For the cooldown zones 401 and 410, suitable values of Tmirror are selected and the transformed temperature profiles from Equations 3-5 for these zones is illustrated on the right hand side of FIG. 4B. In particular, as can be seen in FIG. 4B, different values of Tmirror are selected for zone 401 (shown in FIG. 4 as Tmirror 1) and zone 410 (shown in FIG. 4 as Tmirror 2). As can be seen in the left hand side of FIG. 4B, the shut-in temperature profile 301 for zone 405 deviates positively (i.e., warm-up) from the steady state injection temperature profile 420 indicating that the Reference Temperature of the surrounding formation in this zone is greater than the injection temperature. As such, no transformation (mirroring) is required for this zone as is reflected on the right hand side of FIG. 4B. The resulting mirrored data for the cooldown zones 401 and 410 are combined with the data as obtained from the warm-up zone 405 to create the combined reservoir profile on the right hand side of FIG. 4B which may then be inputted into the Conventional Warmback Analysis method.

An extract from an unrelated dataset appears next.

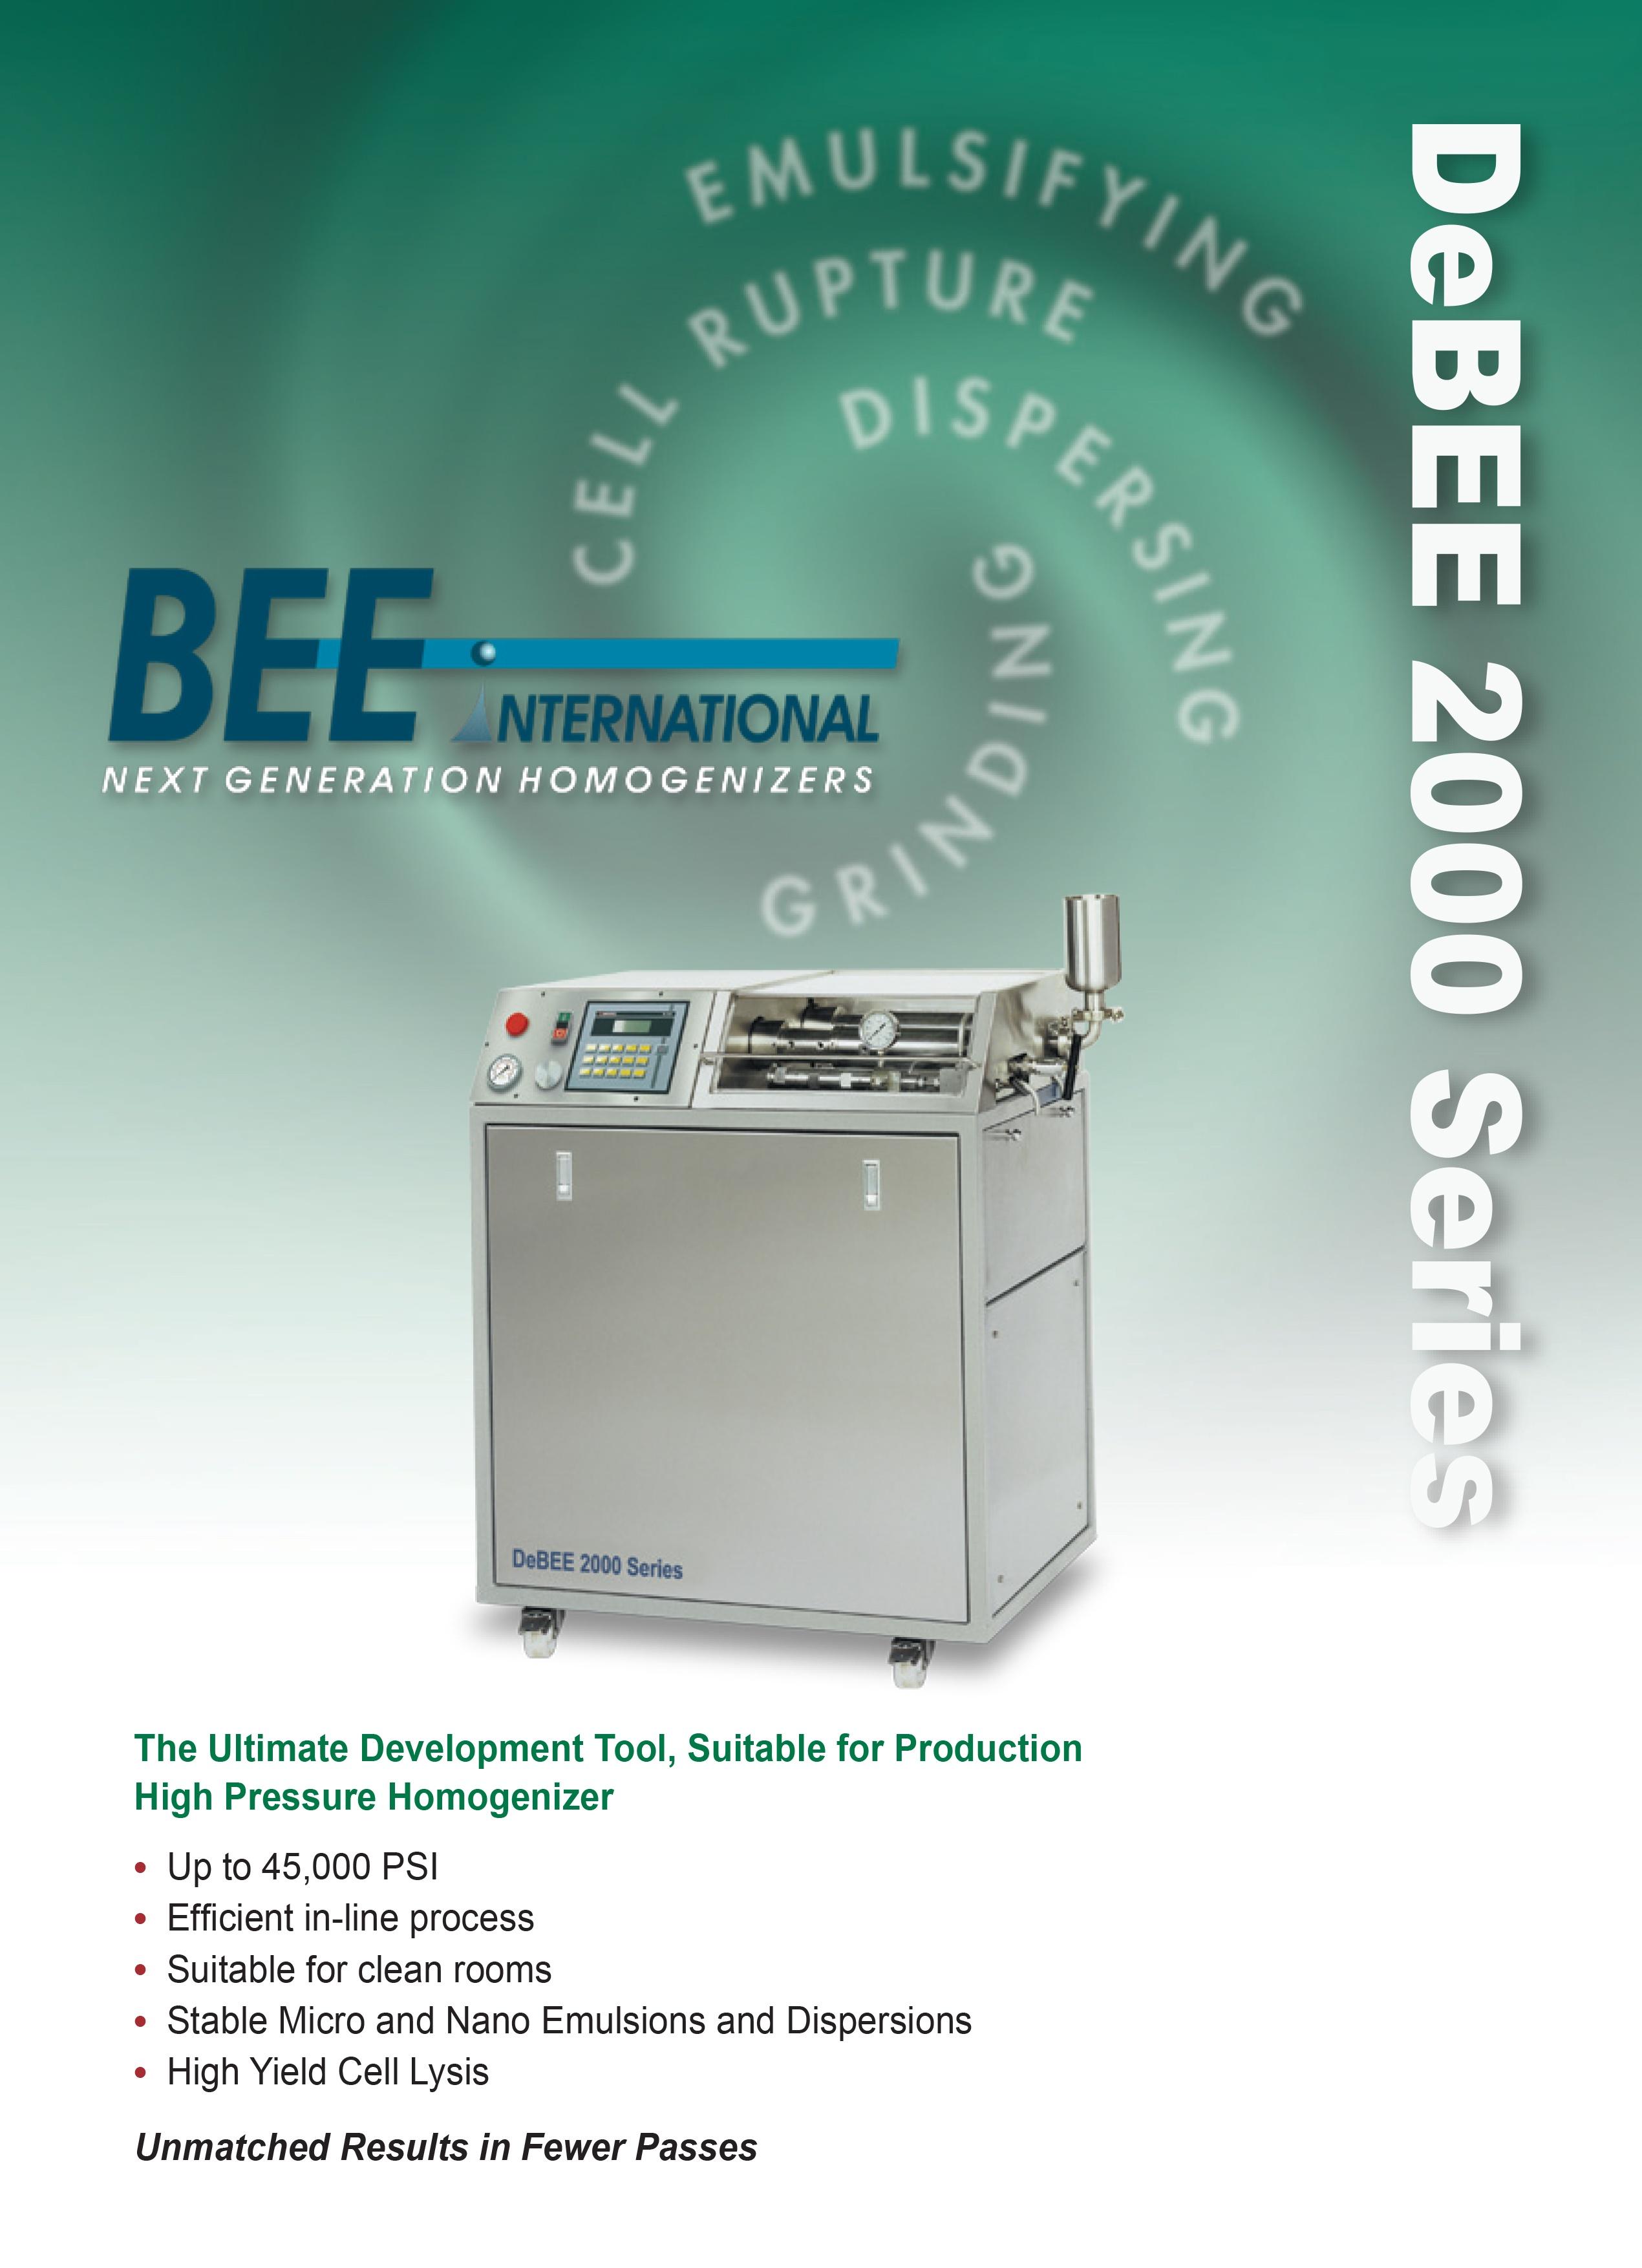 DeBee 2000-Cover.jpg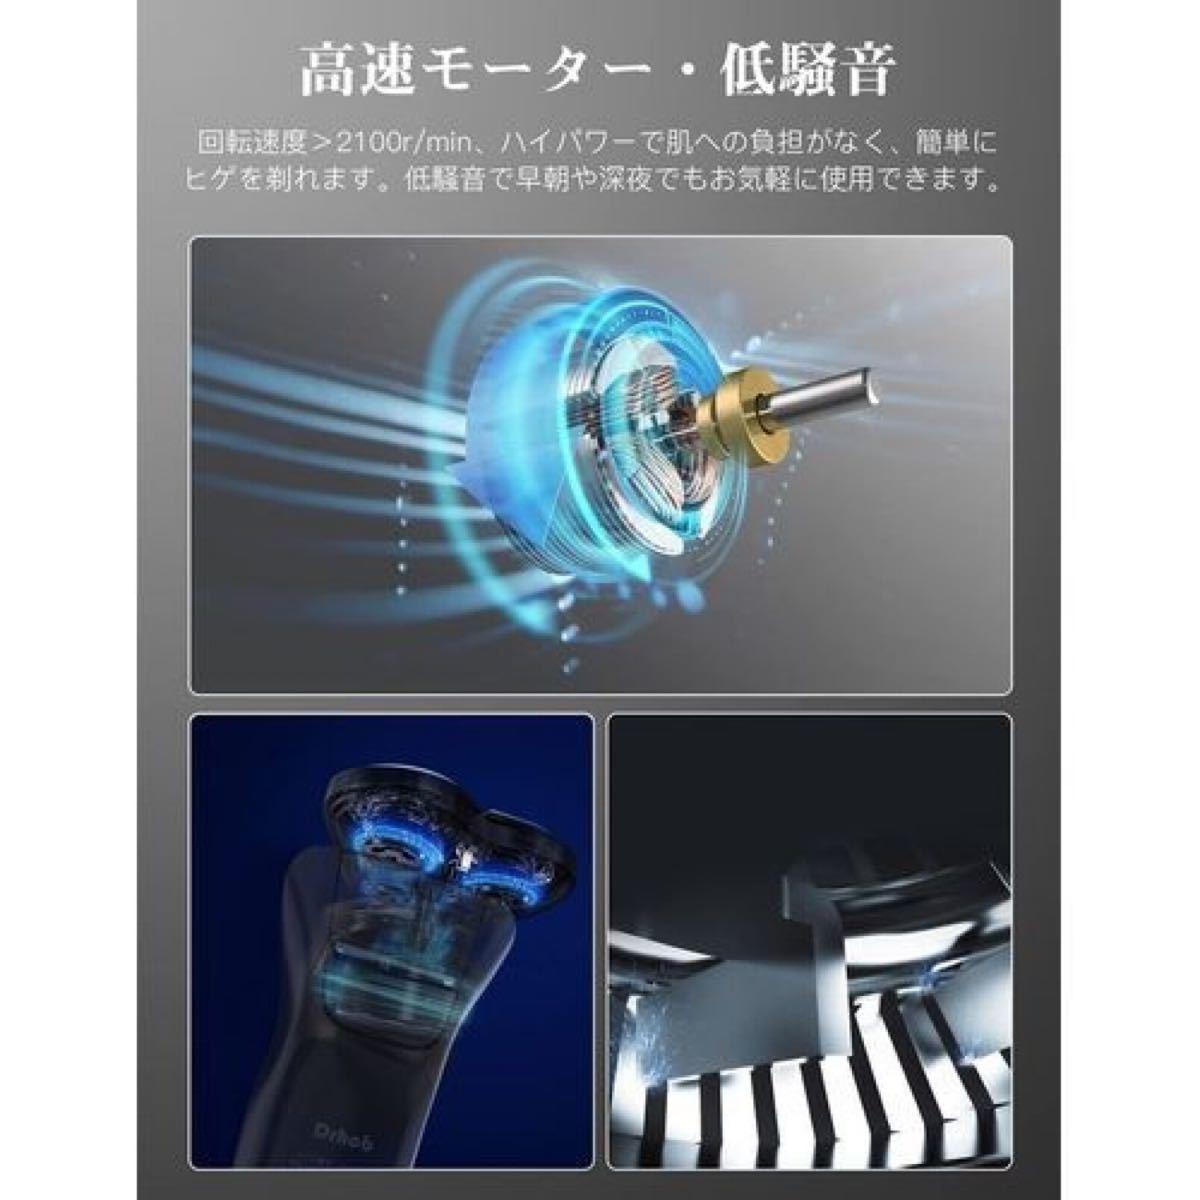 シェーバー メンズ 電気シェーバー ひげそり 回転式

FIG. 5 further illustrates such a procedure/process as has been described herein. In FIG. 5, while we may refer to each step in obtaining or executing a singular value (such as “Reference Temperature”), such steps may apply to obtaining or executing multiple values or profiles derived from a multiple value analysis. In FIG. 5, the Reference Temperature profile 501, steady-state injection temperature profile 505 and the shut-in temperature profile 510 as described in the above processes are input into a pre-processing step 515 (which may be part of or a function within processor 520). The pre-processing unit 515 transforms the data as per the processes above, and in zones where the pre-processing unit identifies a cooldown (instead of the typical warm-up), the preprocessing unit executes the mirroring techniques discussed herein to transform the data (i.e., mirror the Reference Temperature profile, steady-state injection temperature profile and the shut-in temperature profile) for use with the Conventional Warmback Analysis. The output of the preprocessing unit 515 includes the transformed data from cooldown zones or a combination of non-transformed data from warm-up zones with transformed data from cooldown zones is input into a processor 520 running the Conventional Warmback Analysis method. Other supplemental information, which is relevant to running the Conventional Warmback Analysis method, such as well geometry 525, reservoir zone depths and thicknesses, and overburden depths 530, and time of shut-in in the current injection cycle 535 is also input into the Conventional Warmback Analysis. A relative cumulative injection profile 540 of the current injection cycle for the injection well is output from the Conventional Warmback Analysis.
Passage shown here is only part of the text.